Uno studio pubblicato sulla rivisita Nature Aging, ad opera della Scuola di Medicina dell'Università americana di Stanford, sottolinea come il corpo umano non invecchi in modo lineare: esistono due momenti distinti all’interno dei quali avvengono drastici mutamenti a livello molecolare.
Ecco, nel dettaglio, cosa è emerso dalla ricerca.
L’indagine sull’invecchiamento
Stando allo studio condotto dalla Scuola di Medicina dell’Università di Stanford, l’invecchiamento non è un processo lineare: in concomitanza dei 44 anni e dei 60, si possono riscontrare cambiamenti a livello biomolecolare che vanno ad aumentare o diminuire in maniera drastica i microrganismi presenti nel corpo umano.
La ricerca ha esaminato 108 volontari tra i 25 e i 75 anni, analizzandone e prelevandone campioni di feci, sangue e batteri da naso, pelle e bocca al fine di comprendere al meglio la biologia dell’invecchiamento.
Il monitoraggio, dunque, è avvenuto su più di 135 mila microbi e molecole diverse, tutti microrganismi che subiscono importanti cambiamenti nel corso degli anni: si parla di un totale di 5.405 campioni biologici, 135.239 caratteristiche biologiche e 246 miliardi di punti dati.

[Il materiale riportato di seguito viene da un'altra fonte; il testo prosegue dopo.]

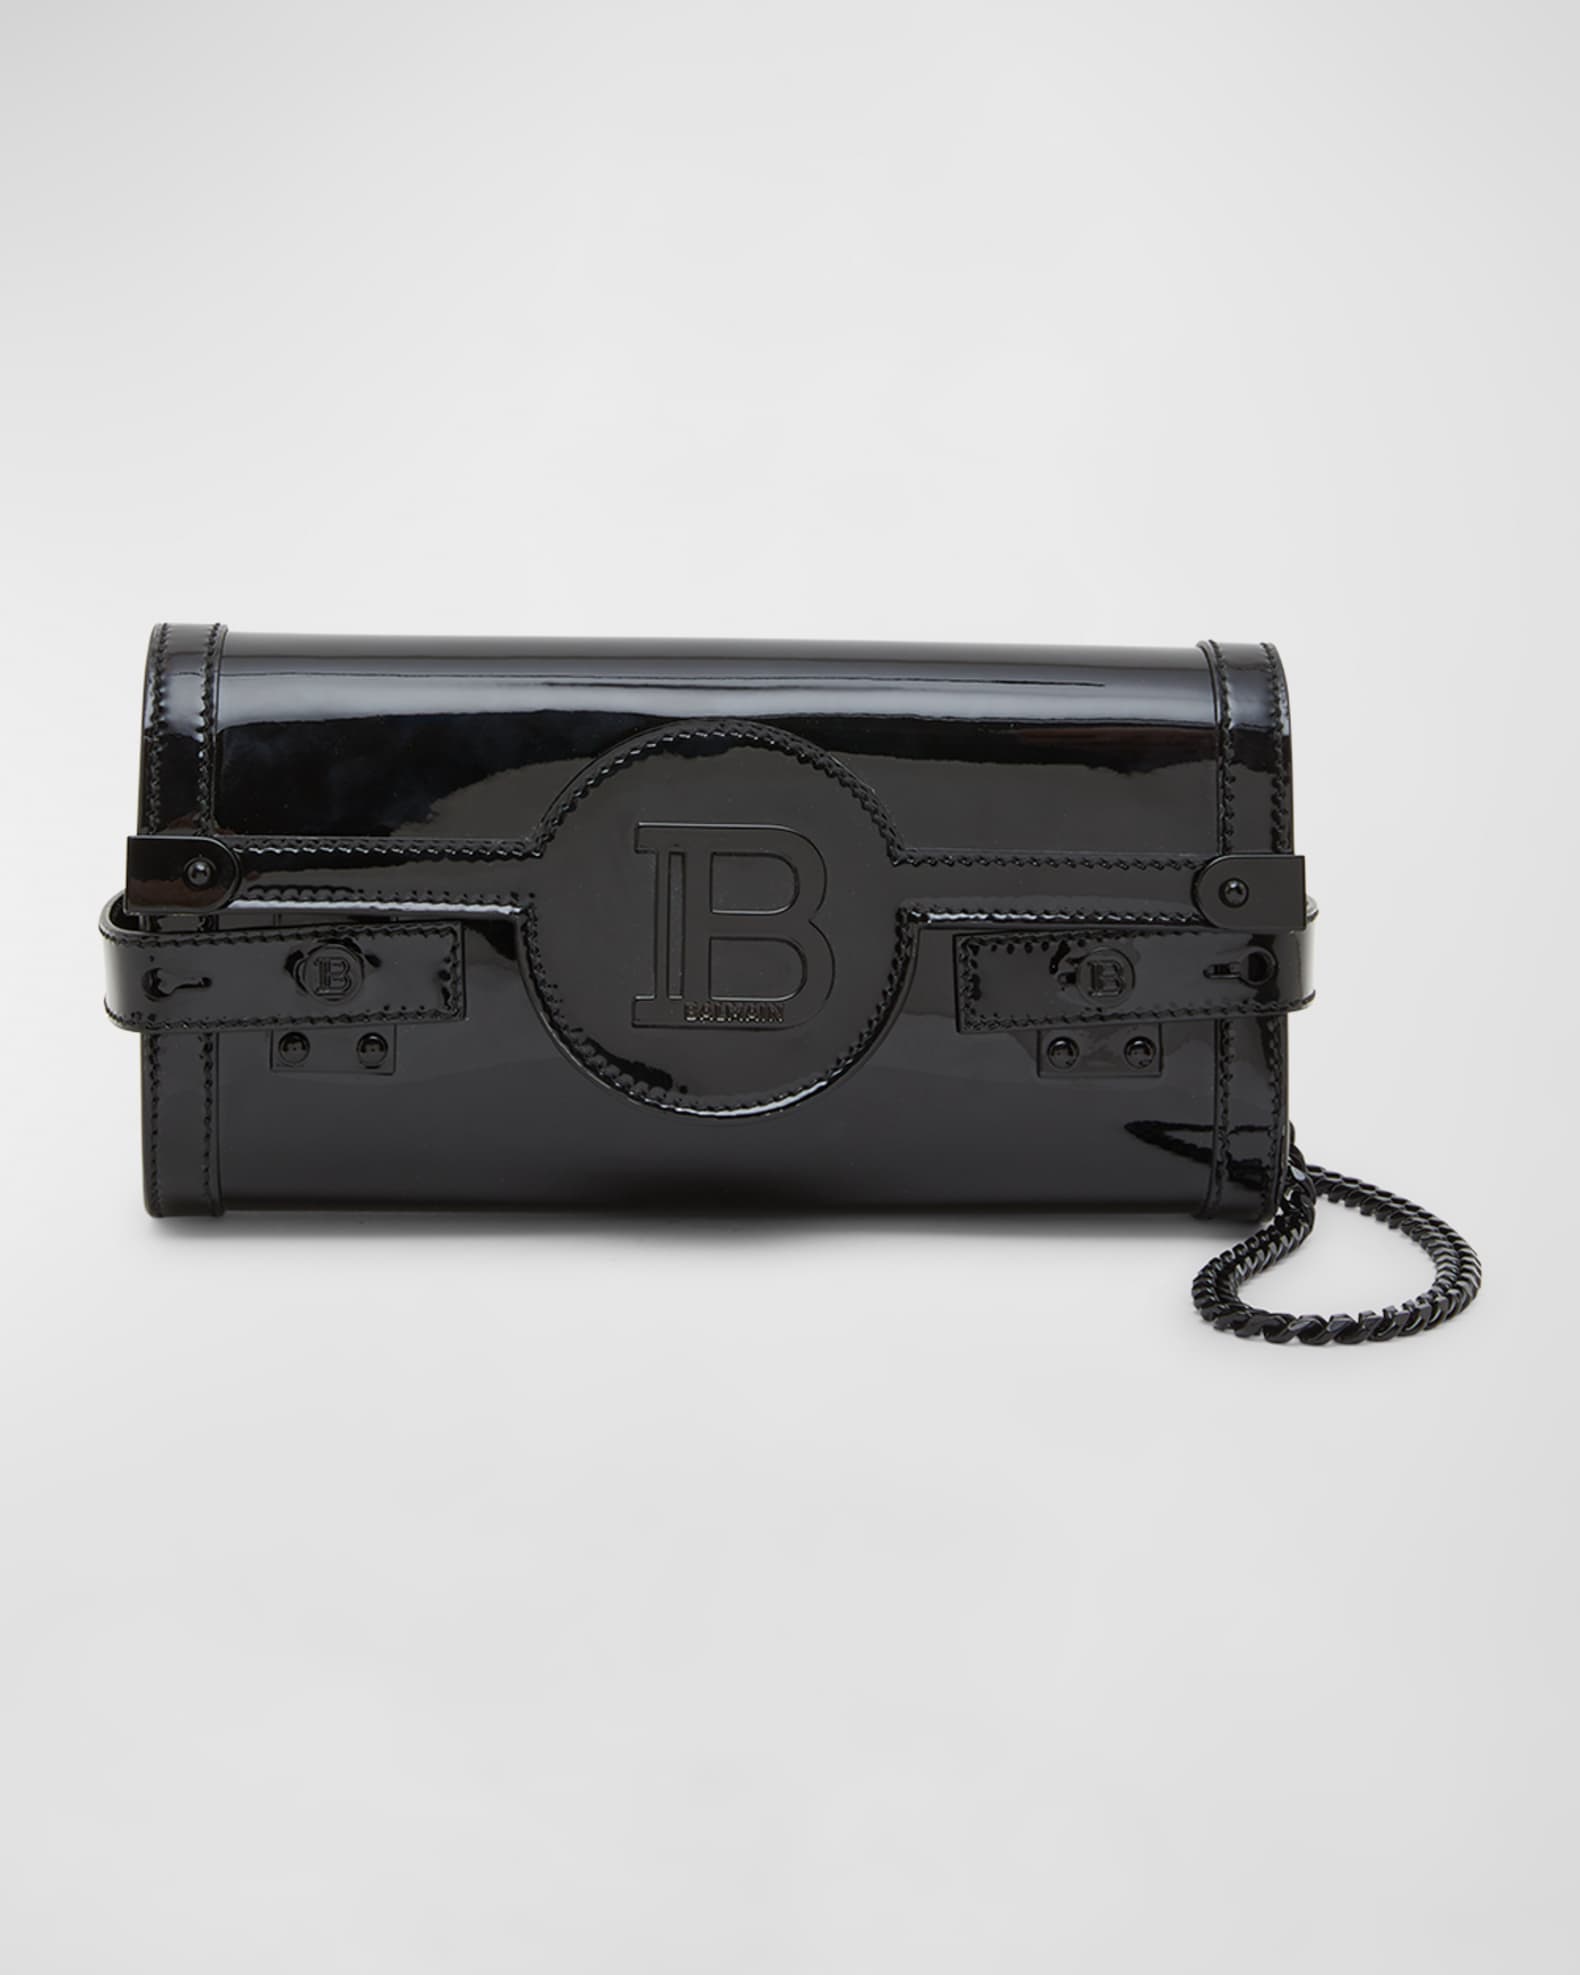 Dior Clutches and evening bags for Women, Online Sale up to 25% off

Lo studio, però, presenta alcuni limiti: pur avendo raccolto una grande quantità di dati, si è basato su un numero limitato di persone che vivono vicino all'Università di Stanford – quindi appartengono a una comunità di individui a reddito medio-alto, non rappresentativi del campione generale di popolazione.
Gli stessi autori della ricerca confessano che sono comunque necessari ulteriori approfondimenti per convalidare i dati raccolti, incorporando coorti più ampie per indagare l'intera complessità dell'invecchiamento.
I due “scalini” dell’invecchiamento
Il primo risultato emerso dallo studio è che solo il 6,6% dei soggetti presi in esame hanno avuto cambiamenti lineari durante il corso degli anni: l’81% delle molecole osservate si è evoluto in momenti specifici.
I cambiamenti, appunto, sono stati più marcati a 44 anni e a 60 anni:
- a 44 anni, le molecole coinvolte sono legate al metabolismo della caffeina, dell’alcool, dei grassi e quelle legate alle condizioni cardiovascolari. Le cellule muscolari e cutanee impiegano molto più tempo a recuperare dopo un periodo di attività fisica, favorendo la comparsa delle prime rughe, dei capelli grigi e di un primissimo calo energetico;
- a 60 anni, le molecole coinvolte sono quelle che interessano il metabolismo di carboidrati e caffeina e quelle relative al sistema immunitario, renale e cardiovascolare. In questa fase, si nota una disfunzione immunitaria legata alla funzione renale e cardiaca (ma anche al metabolismo dei carboidrati). È, infatti, attorno a questa età compaiono con maggiore frequenza disturbi come il diabete di tipo 2. A partire dai 60 anni inizia anche ad aumentare la percentuale di tumori, favorita da un calo dell'efficacia del sistema immunitario.
In entrambi i casi, i disturbi neurologici e cardiovascolari presentano picchi di prevalenza, ma la ricerca non fornisce alcuna spiegazione in merito.
Il dato che ha colpito maggiormente i ricercatori è quello relativo ai 44 anni: se, da una parte, è noto che il rischio di sviluppare molti disturbi legati all'età aumentano proprio nella fascia relativa ai 60 anni, dall’altro è stata inaspettata la presenza del gradino dei 44 anni, poiché riguarda allo stesso modo uomini e donne (e non è, quindi, dovuta alla menopausa).
Secondo gli autori dell'articolo, è possibile che alcuni dei cambiamenti siano legati allo stile di vita o a comportamenti tipici di queste fasce d'età, piuttosto che a fattori biologici.
Lo studio, secondo i ricercatori, può indurre a prestare attenzione alla propria salute e adattare lo stile di vita soprattutto in questi momenti-chiave della vita.